Arts 101 Prehistoric Art - the Virtual Rome
Essay by Mica Carson • September 23, 2018 • Essay • 632 Words (3 Pages) • 1,326 Views
Mica Carson
ARS Unit 3
The Virtual Rome
Today's technology has reshaped the way in which humans can learn about the ancient world. A perfect example of this is the website idialabs.org, whos creators fabricated a virtual tour of the Pantheon, an architectural monument of ancient Rome. The implementation of this is an extremely helpful resource to study ancient civilizations, helping one grasp the complexity and size of such structure.
The virtual tour is such a helpful tool for many reasons. The first of these countless reasons is how it allows the viewer to immerse themselves in the ancient world as if they were there in person thousands of years ago. This provides a new way to gauge the immensity of the structure and what it would have been like to walk through the Pantheon. Along with the structure itself it contains all of the numerous marble statues and vibrant colors that represented the Roman deities, showing evidence as to how much of their ancient culture revolved around their gods. Another aspect of the tour that is beneficial to learning more about the structure is, as the viewer navigates through-out the maze of buildings in Roman architecture they can virtually interact with the different statues, columns, artwork, etc. and get a detailed description of the objects significance and meaning to the Romans. It is the most effective and efficient way for someone to experience the Pantheon like a roman civilians would have in 27 BC.
With all of the immense strengths that the virtual tour gives there are some limitations that come from the tour being digital, The complexity of the ancient art and the details the artist would include in their works. The digital quality they used doesn’t give a soreal visual of being there it’s very noticeable throughout it is just an animation giving a broad view of the buildings for reference to the learners. Another being the aspect of peripheral vision would give you a different experience of seeing all the the buildings towering over you and seeing the tour as a picture or movie there is still the boundary of perceiving it through the screen and not experiencing it on a physical level.

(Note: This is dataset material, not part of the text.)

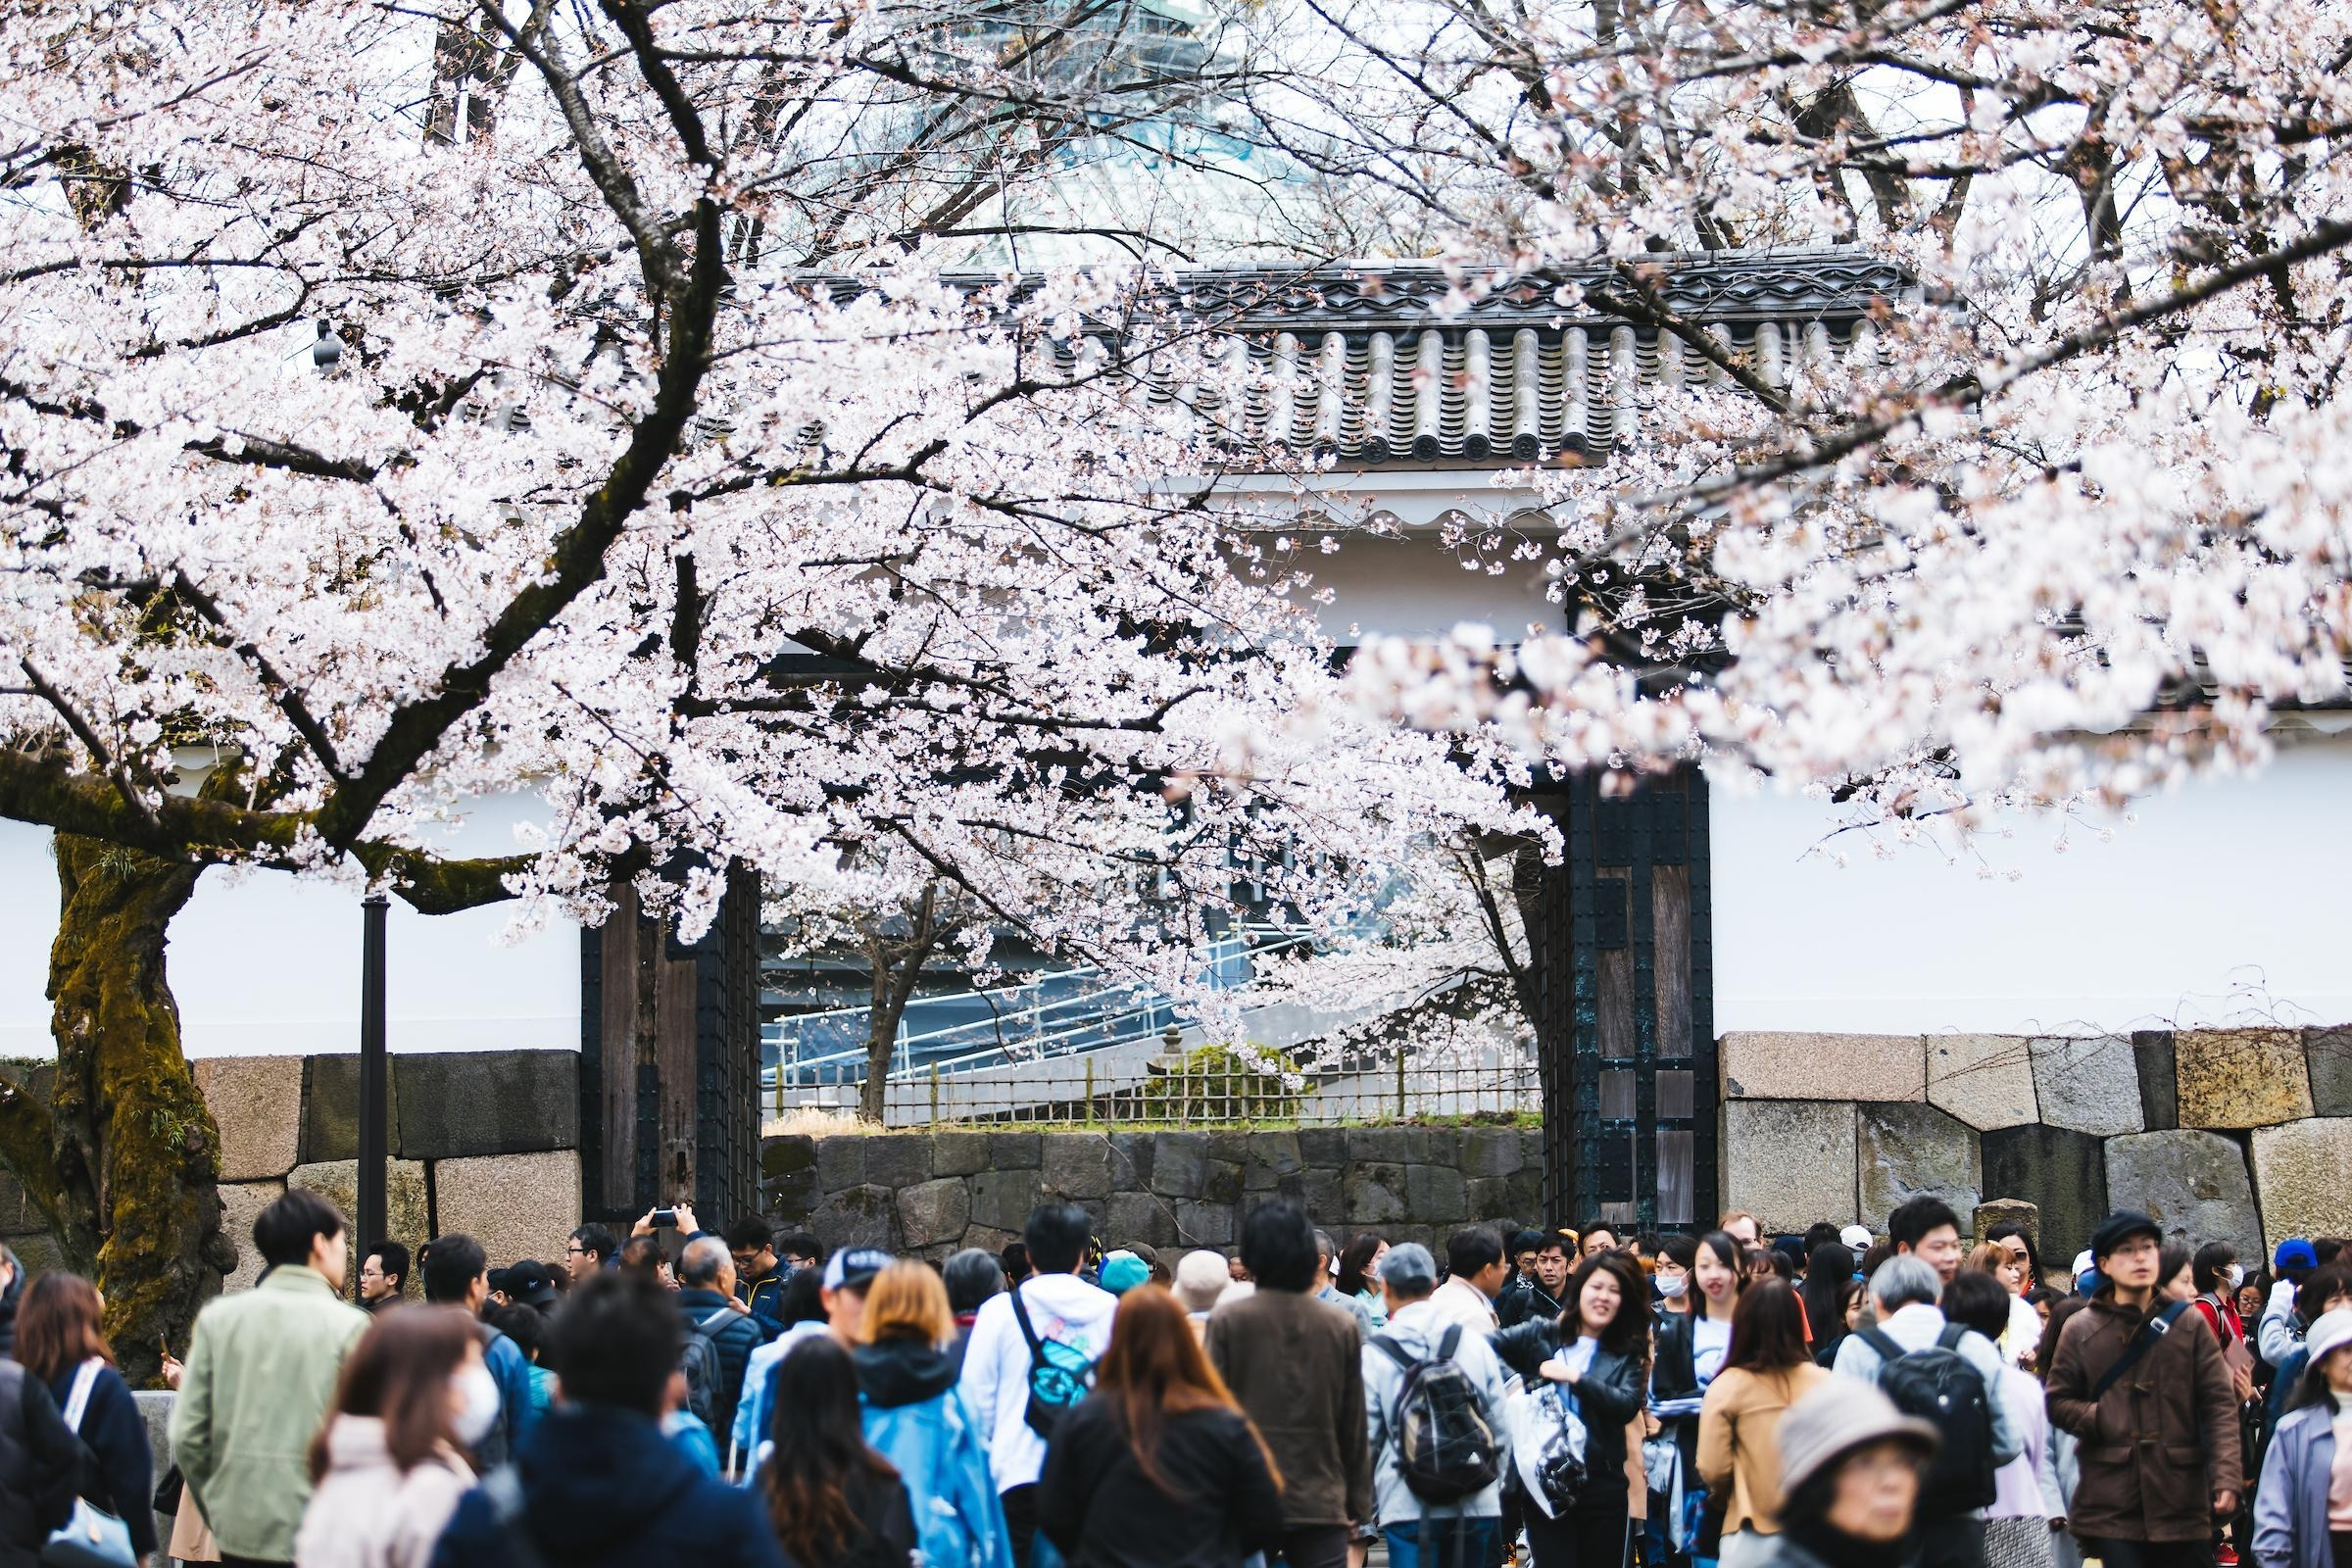 How to Experience Cherry Blossom Season in Kyoto

A still image of the real pantheon will provide more defined detail of one specific frame in comparison to the virtual tour. This is only specific to one frozen frame so on the contrary, a still image will give much less information than the virtual tour, unless the viewers goal is to focus primarily on one object. Another thing that separates the two forms of viewing is that it is much more hard to scale the depth in a photo but rather easy in the virtual tour.

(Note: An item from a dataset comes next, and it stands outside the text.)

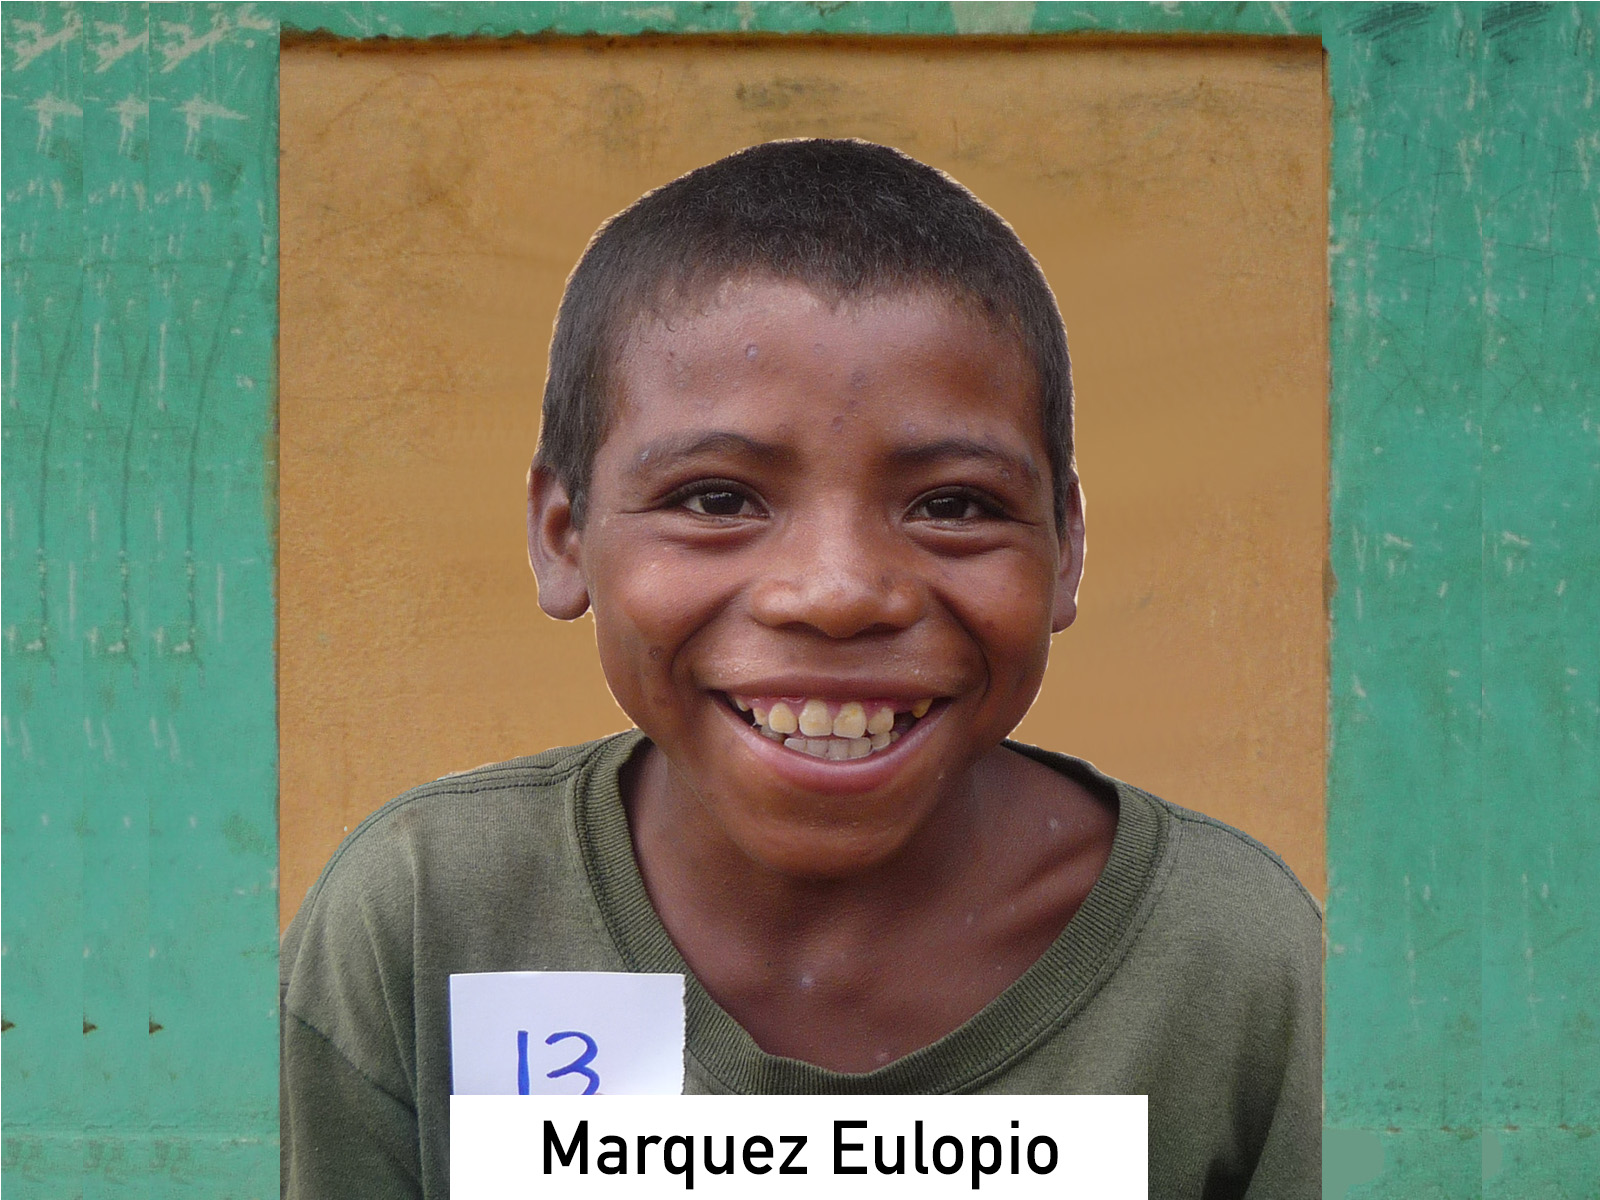 013 - Marquez Eulopio.jpg

The thing that neither still photography or virtual tours will ever be able to render is the physical aspect of the Pantheon. Comparing this online tour to the recreation of the Greek Parthenon in Nashville, it frakely does not compare. An image or animated render is a great resource for studying but it will never contest the physical object. The aspects of experiencing in person if extremely different, providing the best scale of depth, meticulous detail, texture, color and size.